__WORK REQUIRED__
Reproduce everything from the line that contains "Partially covered torus" down to the line that contains "Automatically-directed power-switching circuit" in the listing below, word for word and nothing more. Leave the pictures out.

__EXTRACTED DATA__
Content starts
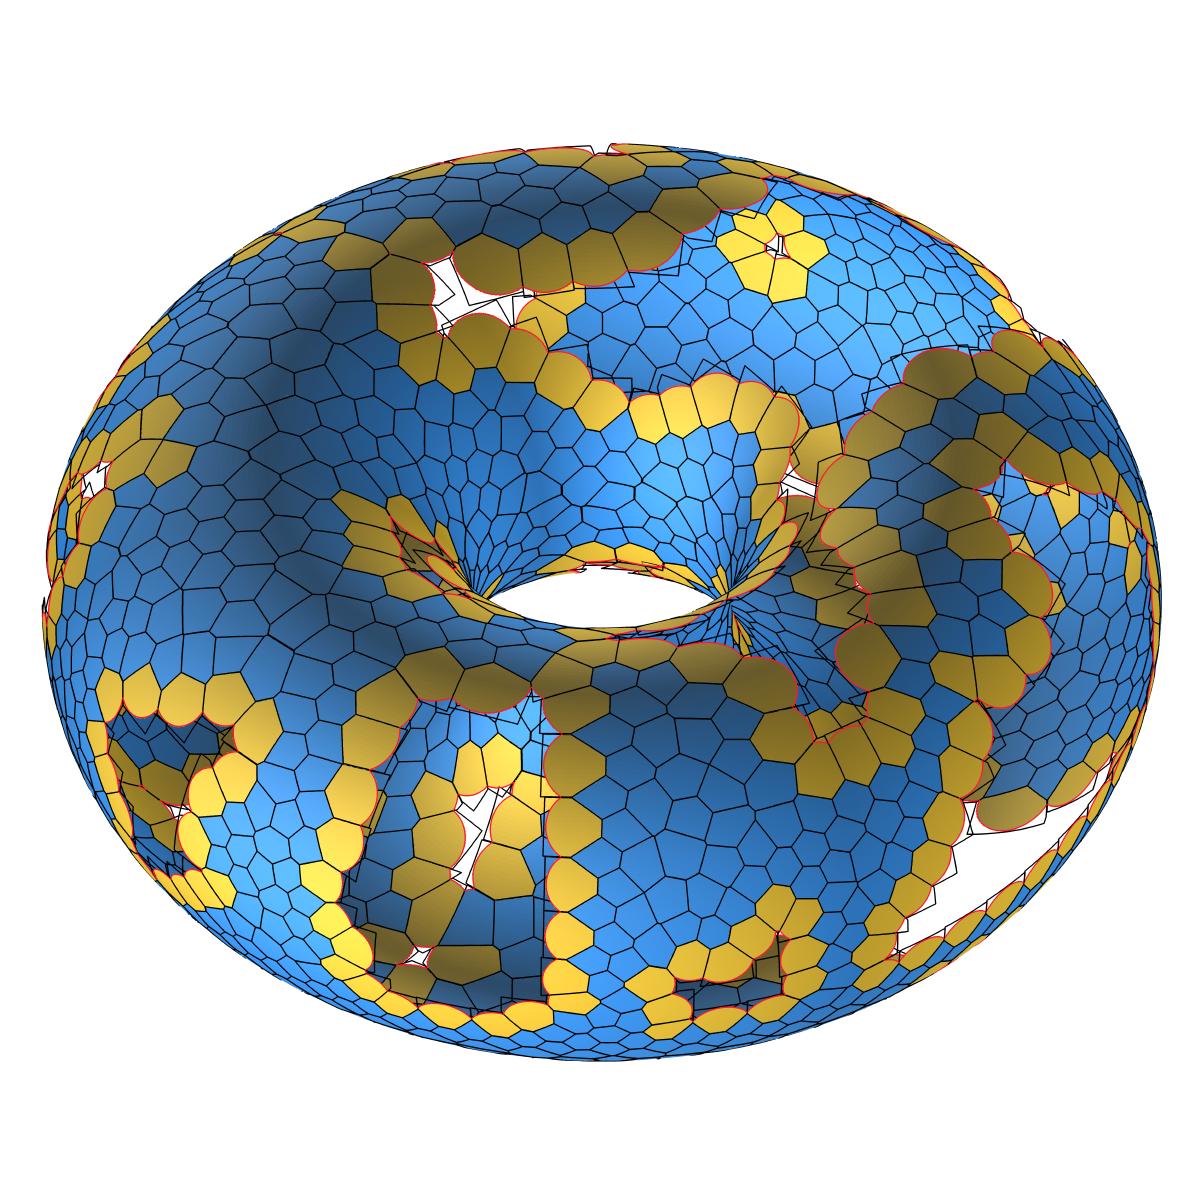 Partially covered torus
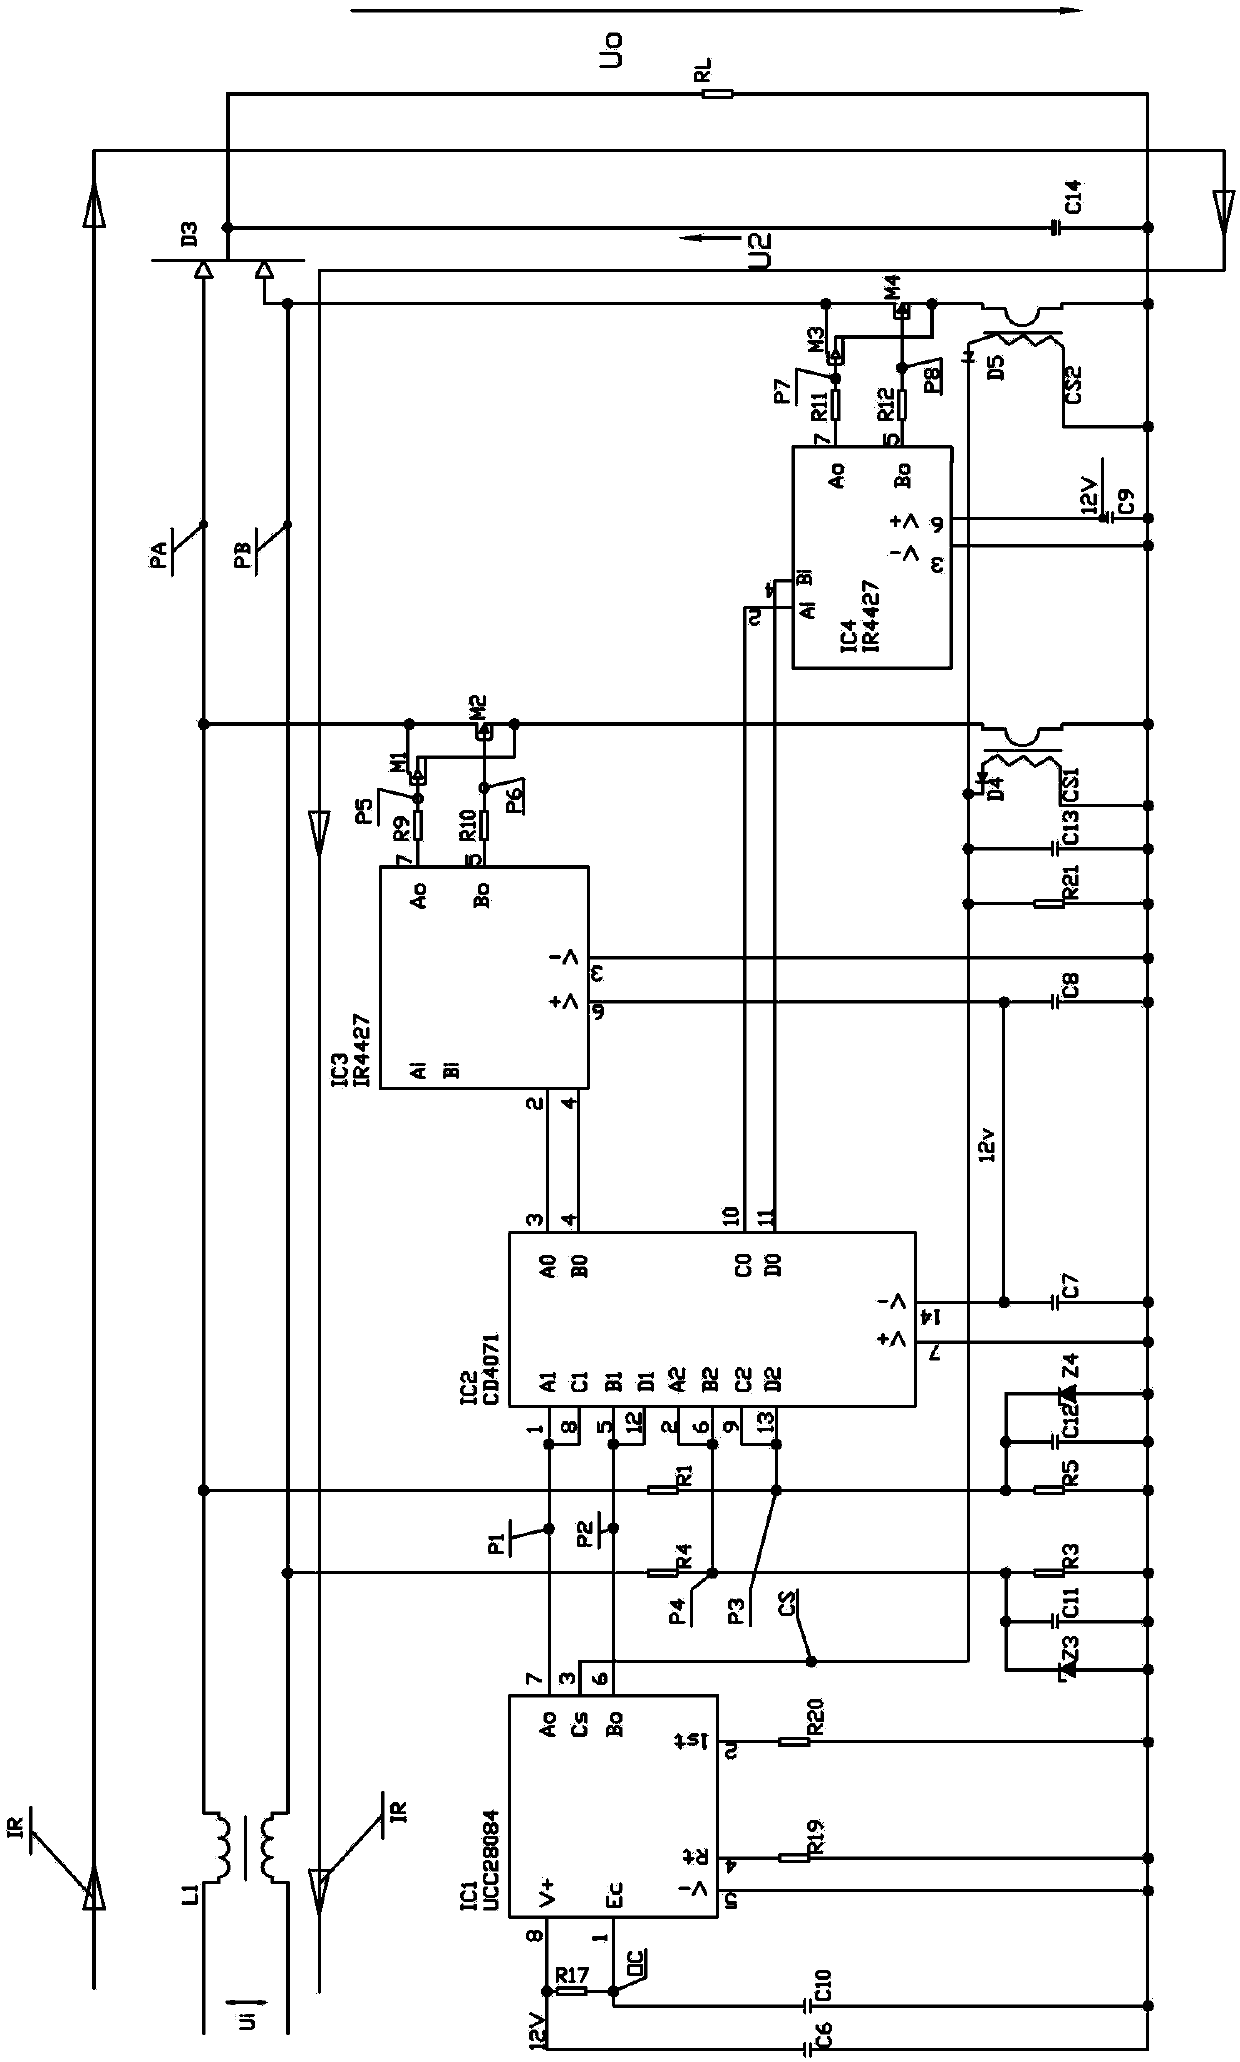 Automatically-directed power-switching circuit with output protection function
Content ends
Content starts
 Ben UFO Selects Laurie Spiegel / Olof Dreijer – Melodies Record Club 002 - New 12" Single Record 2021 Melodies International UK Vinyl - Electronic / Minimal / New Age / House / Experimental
Content ends
__RESPONSE TO THE TASK__
 Partially covered torus
 Automatically-directed power-switching circuit with output protection function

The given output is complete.